_PROBLEM DETAILS_: With the exception of the pictures, write out the data below precisely.

_DATASET CONTENT_:

□ □ □

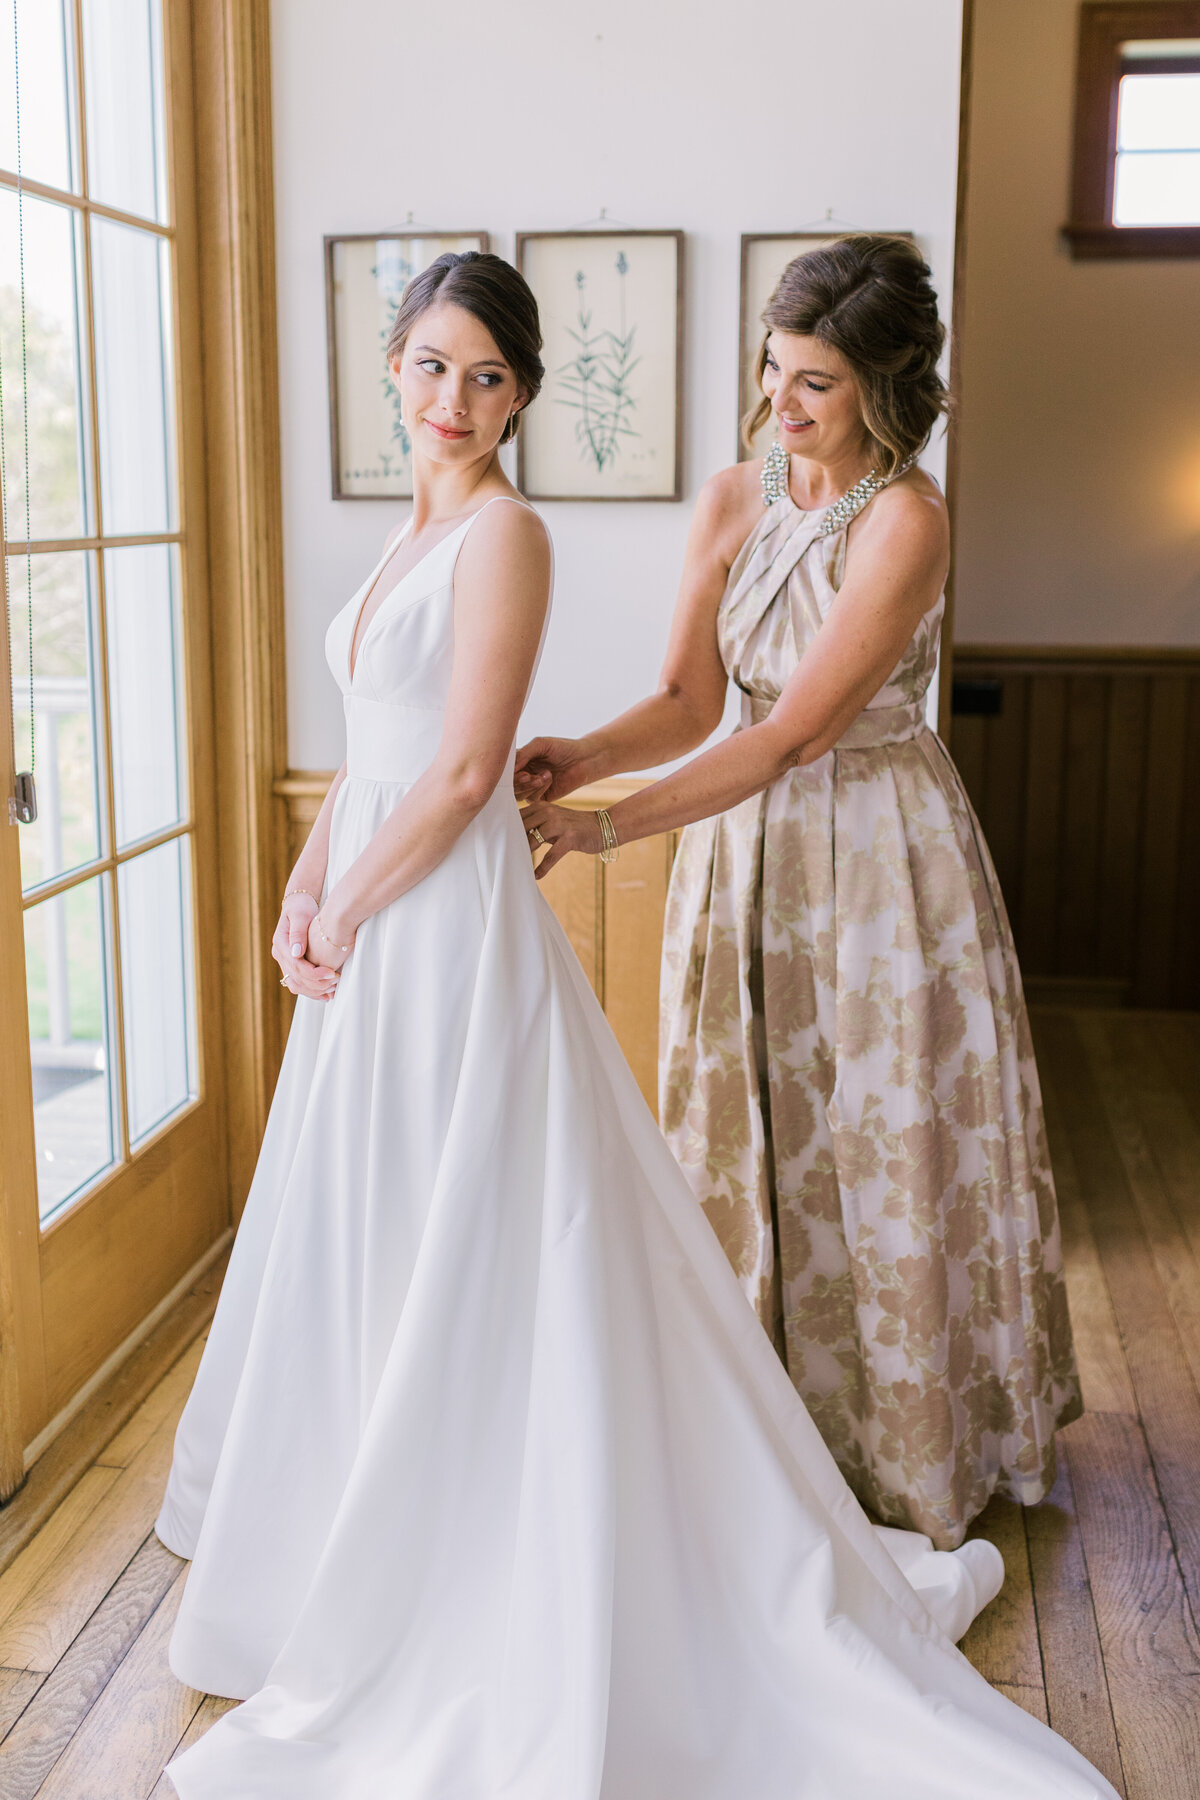 Elizabeth&Dahler_Wedding2022_CastleCiderHill_AngelikaJohnsPhotography-4
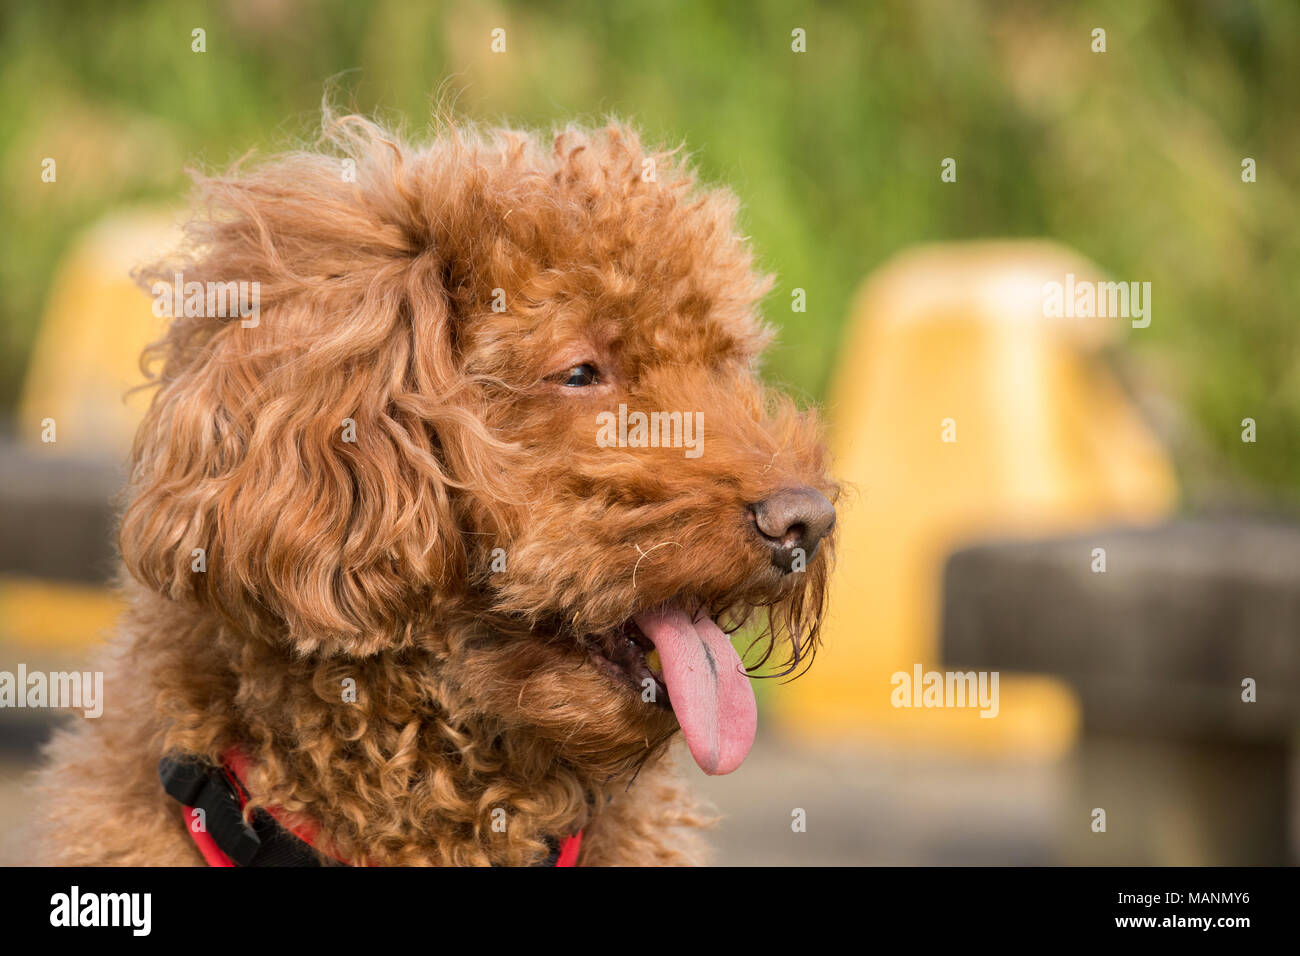 Ritratto di cioccolato-poodle con linguetta appendere fuori, sfondo al di fuori della messa a fuoco Foto Stock
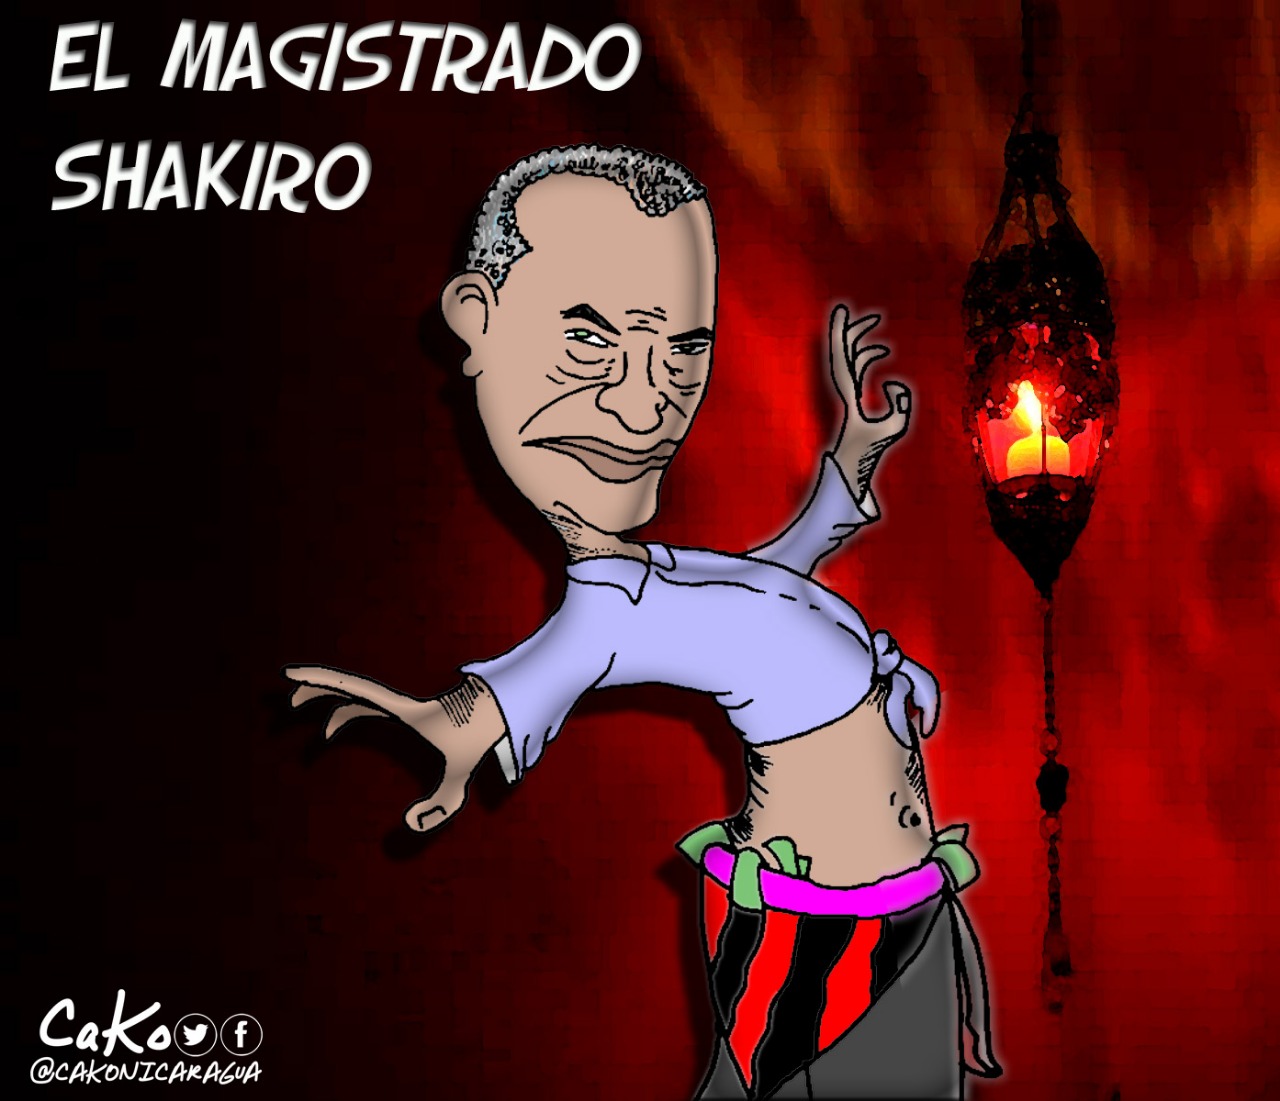 La Caricatura: El magistrado Shakiro
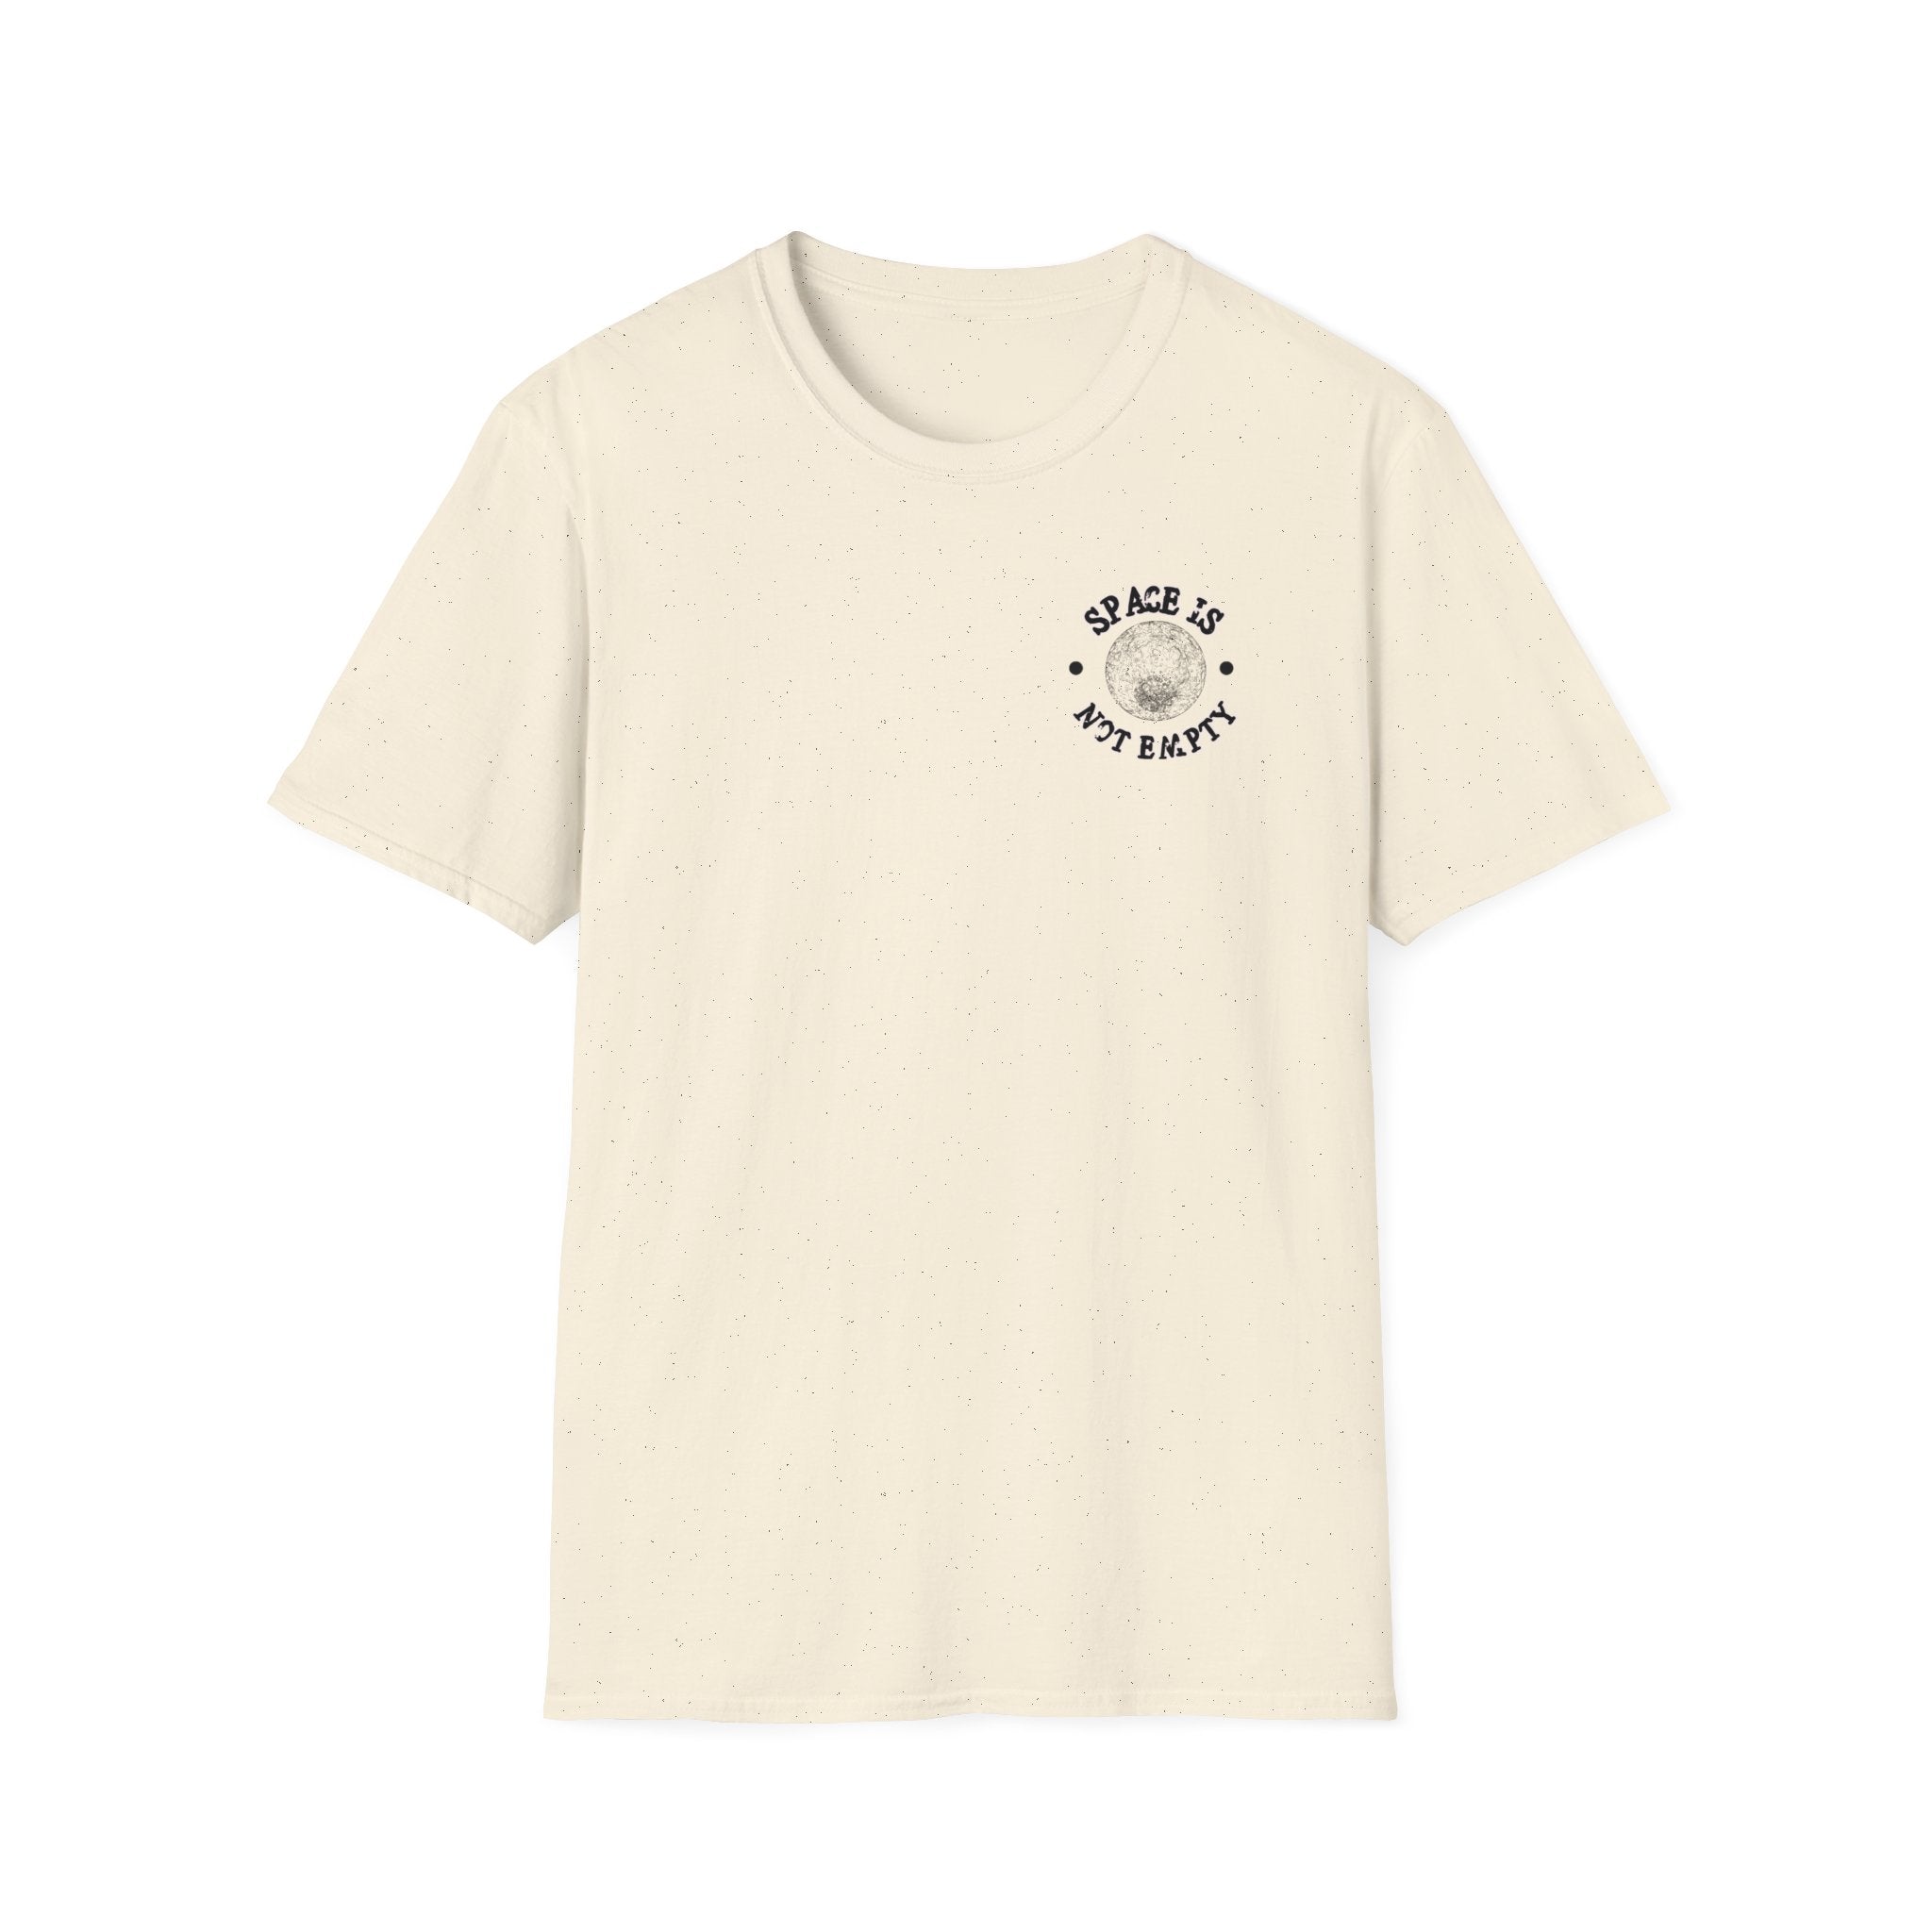 Deep Space Shuttle T-Shirt

□ □ □

_RESPONSE TO THIS EXERCISE_:
 Elizabeth&Dahler_Wedding2022_CastleCiderHill_AngelikaJohnsPhotography-4
 Ritratto di cioccolato-poodle con linguetta appendere fuori, sfondo al di fuori della messa a fuoco Foto Stock
 La Caricatura: El magistrado Shakiro
 Deep Space Shuttle T-Shirt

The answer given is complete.